Hedge funds and other money managers continue to gobble up bullish bets on oil futures, but the speed with which spot prices have risen in the past few weeks raises the prospect of a short-term correction.
Major investors continue to push their bullish bets on oil futures to new heights, confident that the rally still has more room to run. Strong demand, falling inventories and geopolitical uncertainty have fueled a sense of optimism not seen in years.
But the risk is that investors are taking things too far, at least in the short run. As John Kemp of Reuters recently put it, the “accumulation of bullish positions is easily the largest on record and far outstrips anything seen even during the spike in oil prices during late 2007 and the first half of 2008.” He pointed out in his column that hedge funds now hold more than 10 long positions in oil futures for every short, a ratio that is sharply up from 1.60:1 from June 2017.
Such lopsided positioning looks overstretched, which could prompt a selloff as investors scramble for the exits. That kind of correction in both hedge fund positioning and crude prices has happened several times in just the past few years.
Other analysts are also sounding the alarm. “Typically when the boat gets tipped greatly to one side, like it is right now, you get a reversal,” John Kilduff, a partner at Again Capital LLC, told Bloomberg. “There’s a lot of technical aspects working against” the rally, he added.
It is not as if the bullishness is entirely unfounded. U.S. crude inventories have fallen sharply over the past year, and are at their lowest level since early 2015. Venezuela’s output is declining at a scary rate, and tension in the Middle East leaves open the possibility of more outages. All the while, demand continues its inexorable rise, year after year.

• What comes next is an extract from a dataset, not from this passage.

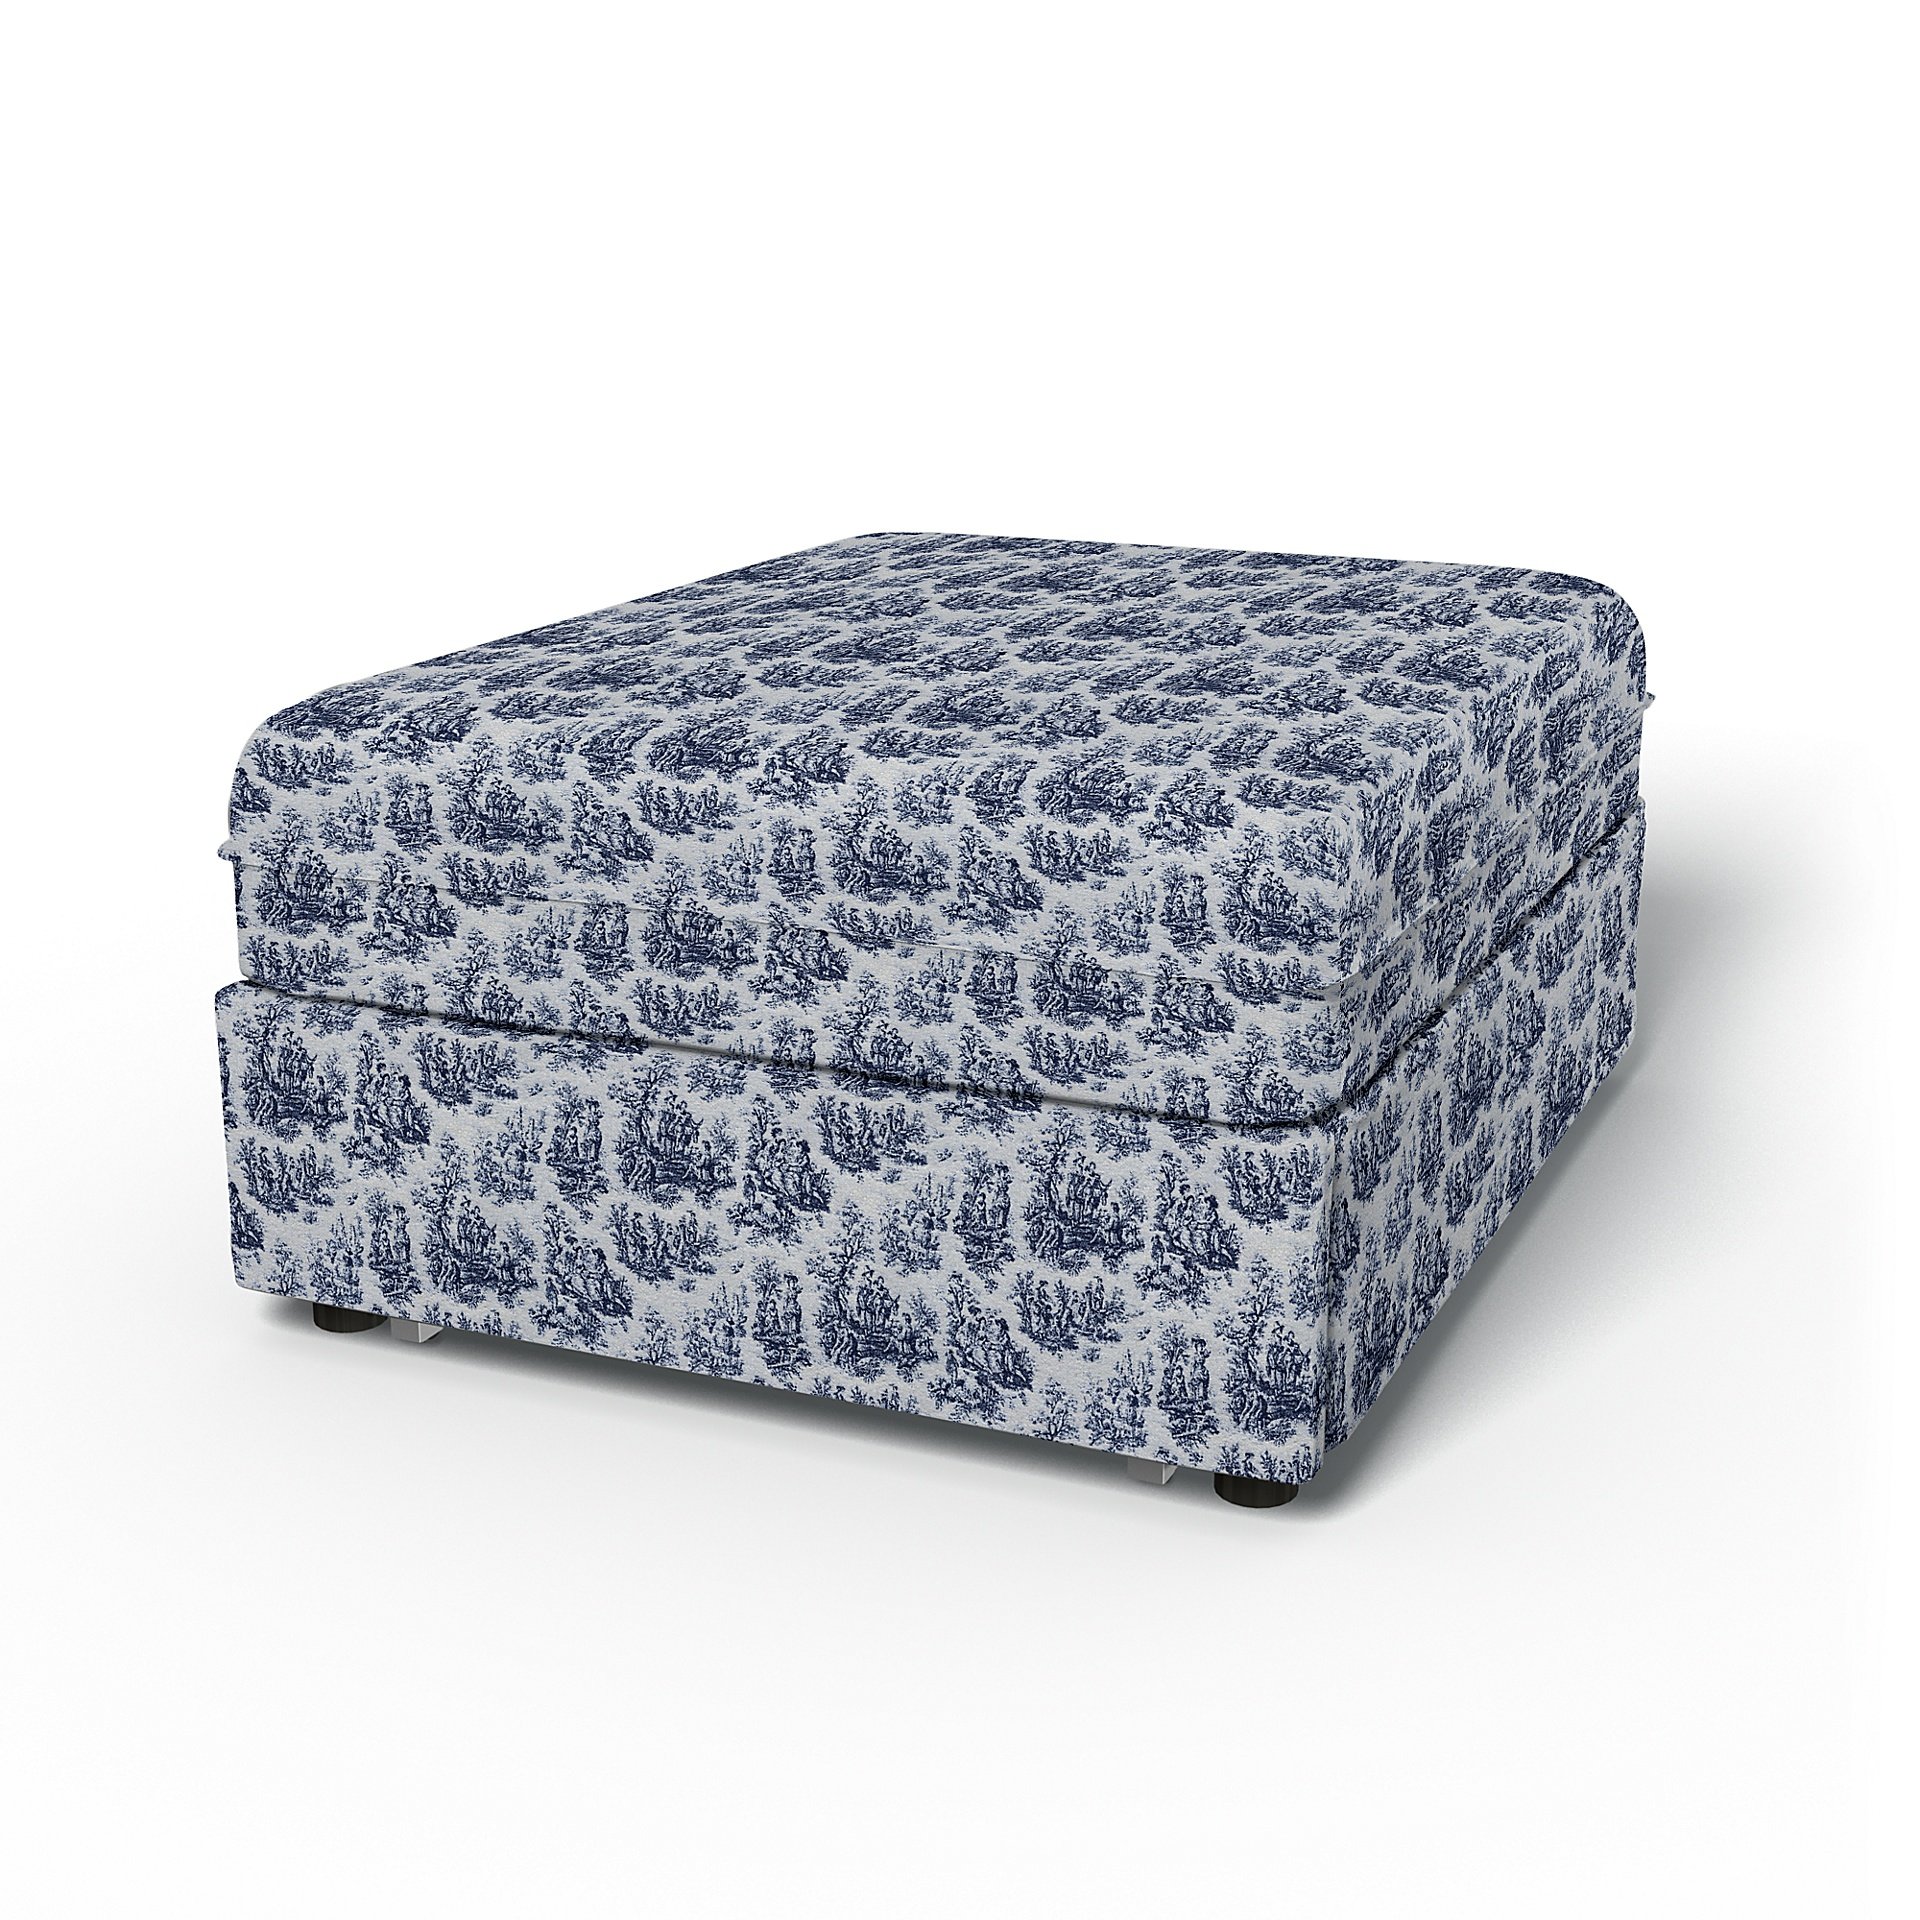 IKEA - Vallentuna Seat Module with Sofa Bed Cover 80x100cm 32x39in, Dark Blue, Boucle & Texture - Be

But that doesn’t mean that prices will continue to increase uninterrupted. The steep increase in prices over the past few months may have outpaced the fundamentals. “[C]urrent prices appear over-stretched, and we expect a short-term correction to the downside. Crude oil looks overbought on a technical and positioning basis,” Standard Chartered analysts wrote in a research note. “The 14-day Relative Strength Indices (RSI 14) have been firmly in overbought territory since 10 January… While we think prices could still rise by a couple of dollars in the near term, the next USD 3-5/bbl move is likely to be down.”
Not everyone agrees. David Sheppard, energy markets editor at the FT, made the case that hedge funds and other money managers are not irrational to continue to scoop up bullish bets. He cites real progress in the fundamentals, which is solid evidence of a tightening oil market.
Perhaps more importantly, however, is the downward sloping futures curve. With near-term contracts trading at a premium to longer-dated futures — a structure known as backwardation — traders can turn a profit simply by taking long positions on crude, even taking into account a bit of volatility. By buying up contracts along the curve at lower prices, traders can sell higher priced spot contracts as they come up, pocketing the difference. The practice could earn traders a 5 percent return this year, Sheppard argues, which can certainly beat out other investments.
Sheppard does point out that such an investment strategy only works if the fundamentals continue to improve, providing the basis for elevated spot prices.
Whether or not the fundamentals do justify confidence in prices at current levels is, to a large degree, a matter of opinion. While some see more room to run, others see things getting out of hand. Norbert Ruecker, head of commodity research at Swiss bank Julius Baer, said a price "correction should occur... (as) hedge fund expectations for further rising prices have reached excessive levels,” according to CNBC.
What happens next will quite possibly hinge on whatever news trend investors latch on to. If, say, an outage occurs in Libya, or Venezuela reports another shocking decline in output, then hedge funds may not worry about the extreme net length right now in the futures market. On the flip side, if the U.S. rig count soars, or inventories start rising again, there will be a lot of pressure to liquidate those long bets.